■ ABOUT THIS EXERCISE
A faithful copy of the data is the goal; set it down exactly, without the images.

■ PROVIDED MATERIAL
********************

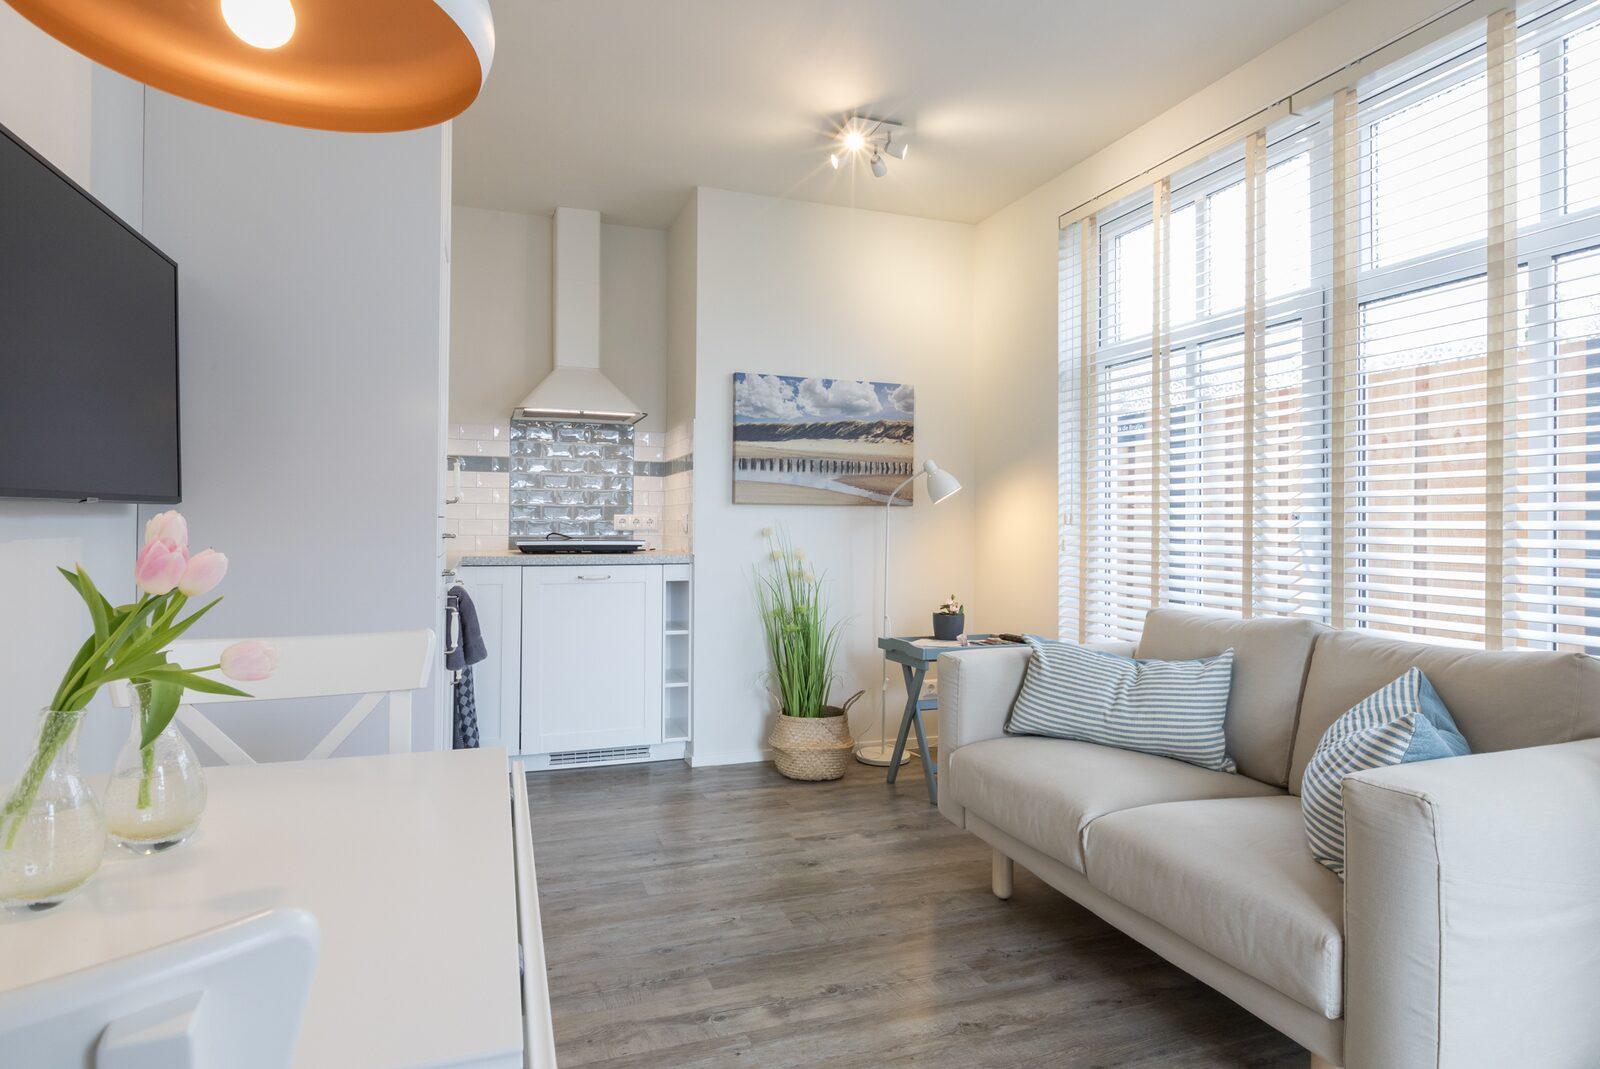 Ferienhaus für 2 Personen ca 34 m² in Oostkapelle Zeeland Küste von Zeeland
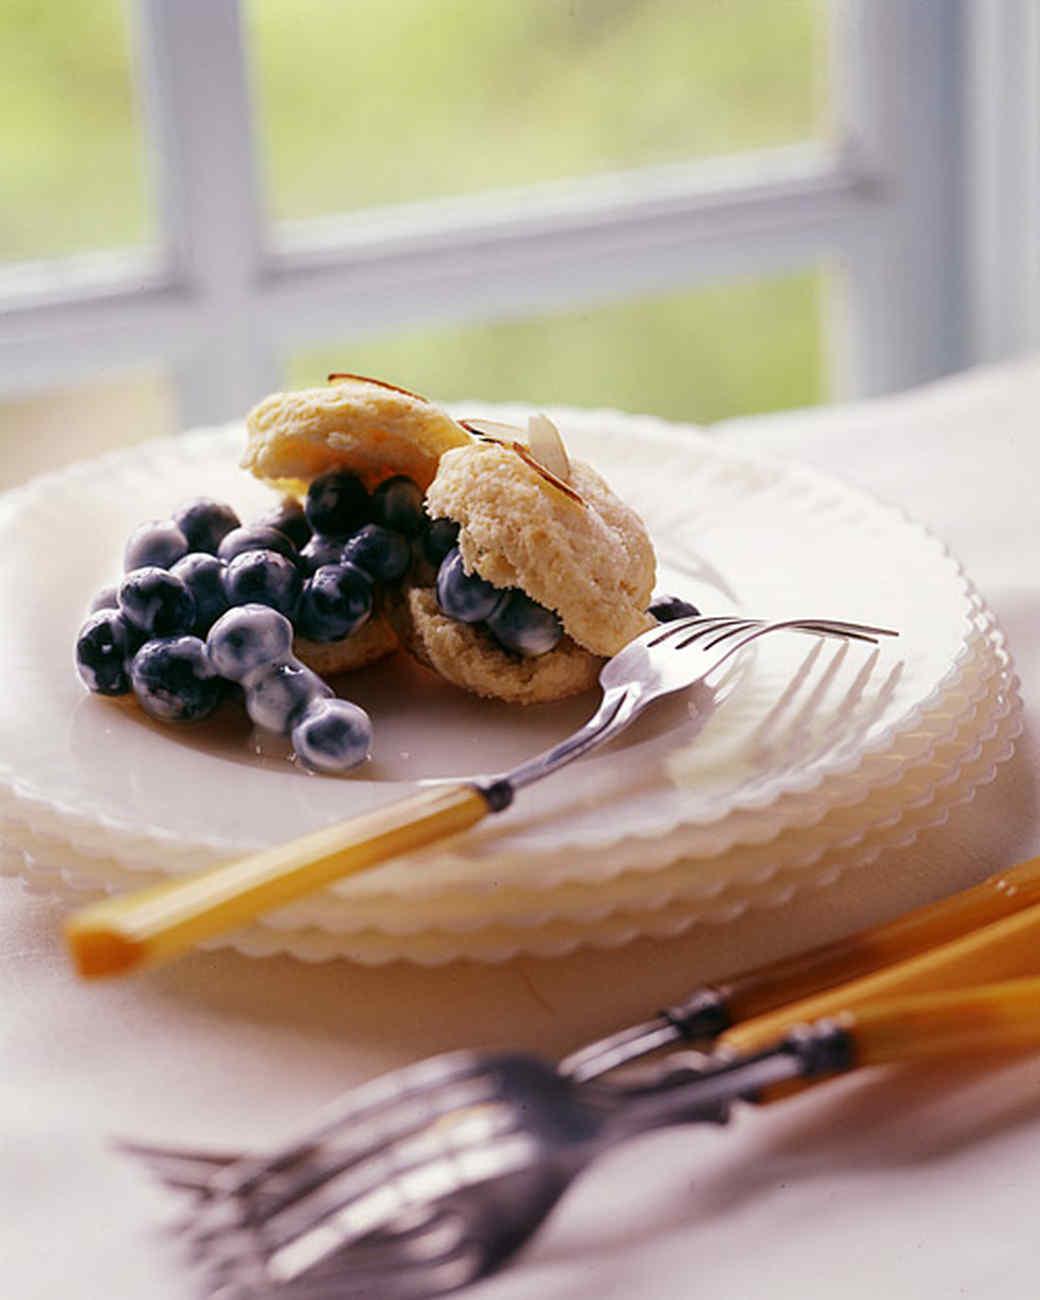 a97120_hqcb_blueberry.jpg
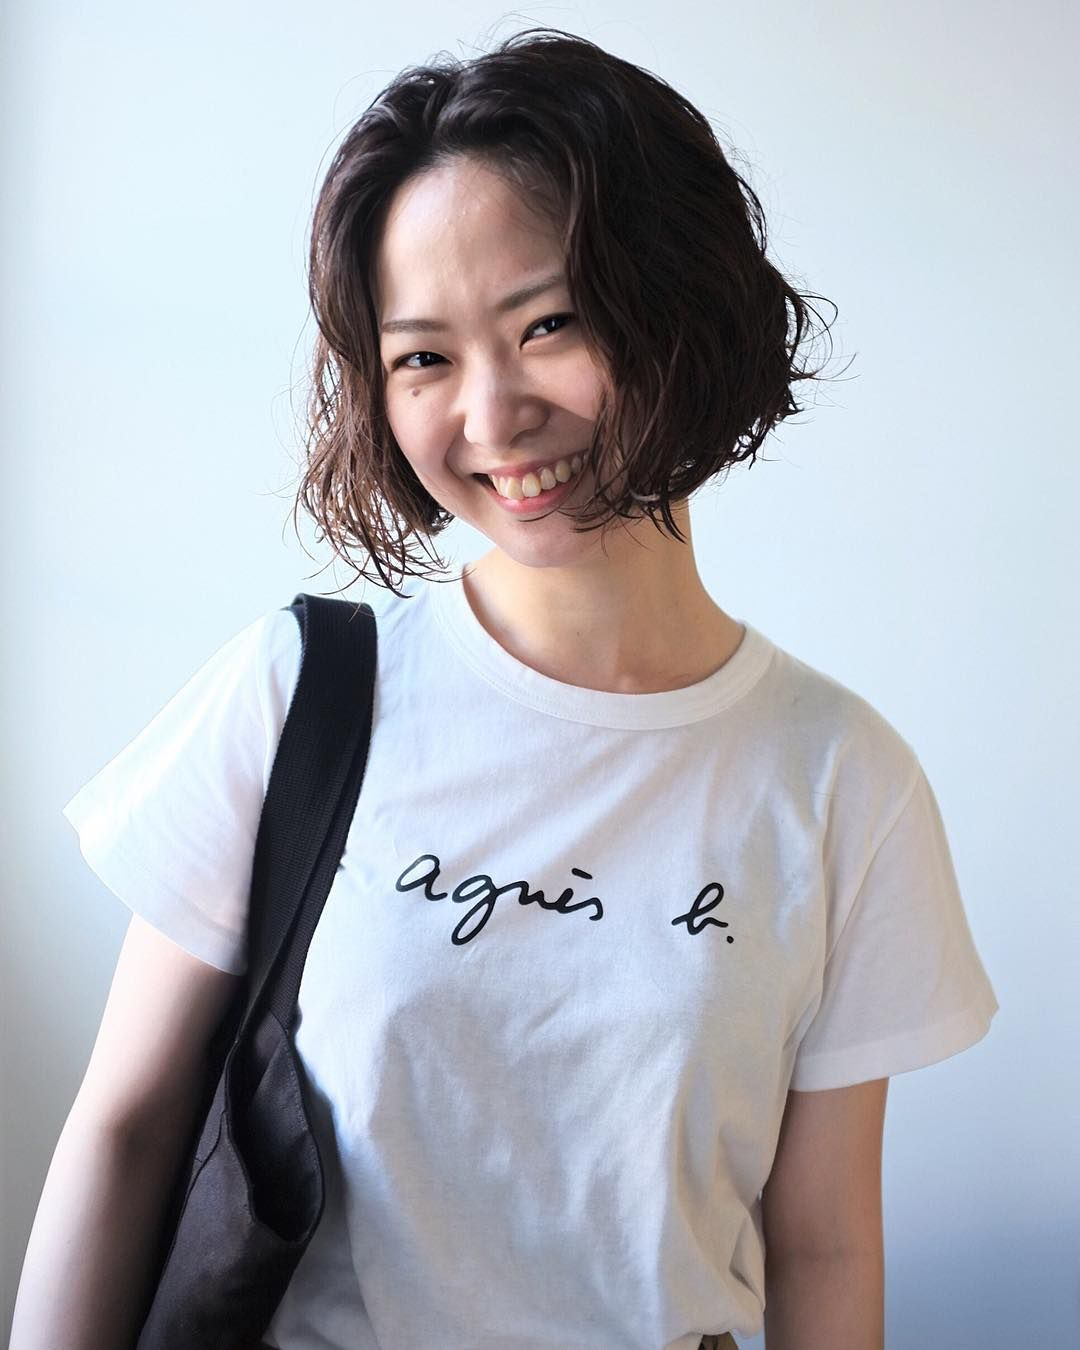 いいね 107件 コメント4件 Akihiro Kobayashiさん 0611akihiro の
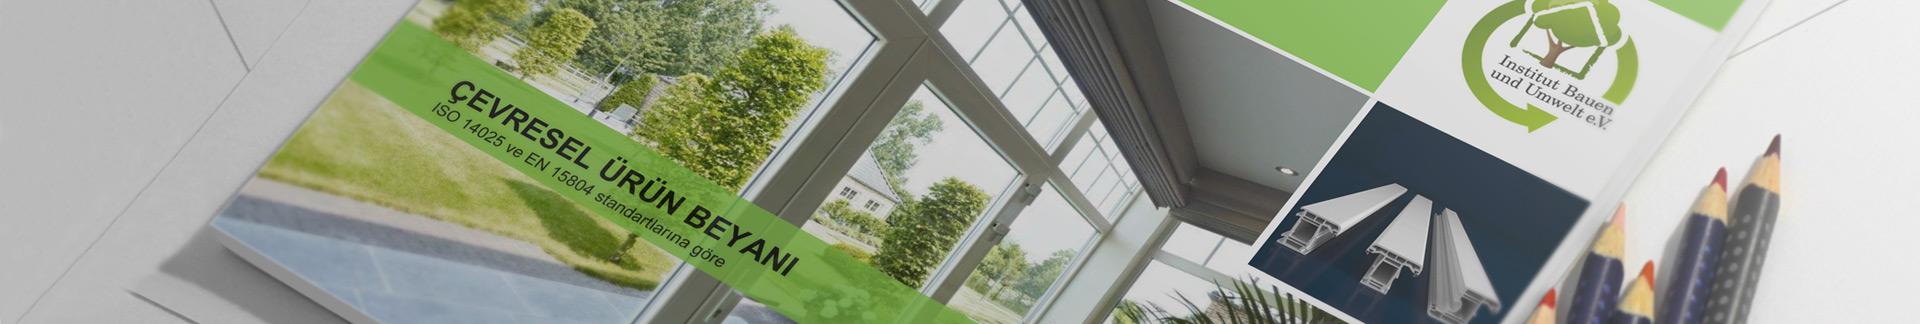 Egepen PVC Pencere ve Kapı Sistemleri | Sürdürülebilirlik

********************

■ EXERCISE RESPONSE
 Ferienhaus für 2 Personen ca 34 m² in Oostkapelle Zeeland Küste von Zeeland
 a97120_hqcb_blueberry.jpg
 いいね 107件 コメント4件 Akihiro Kobayashiさん 0611akihiro の
 Egepen PVC Pencere ve Kapı Sistemleri | Sürdürülebilirlik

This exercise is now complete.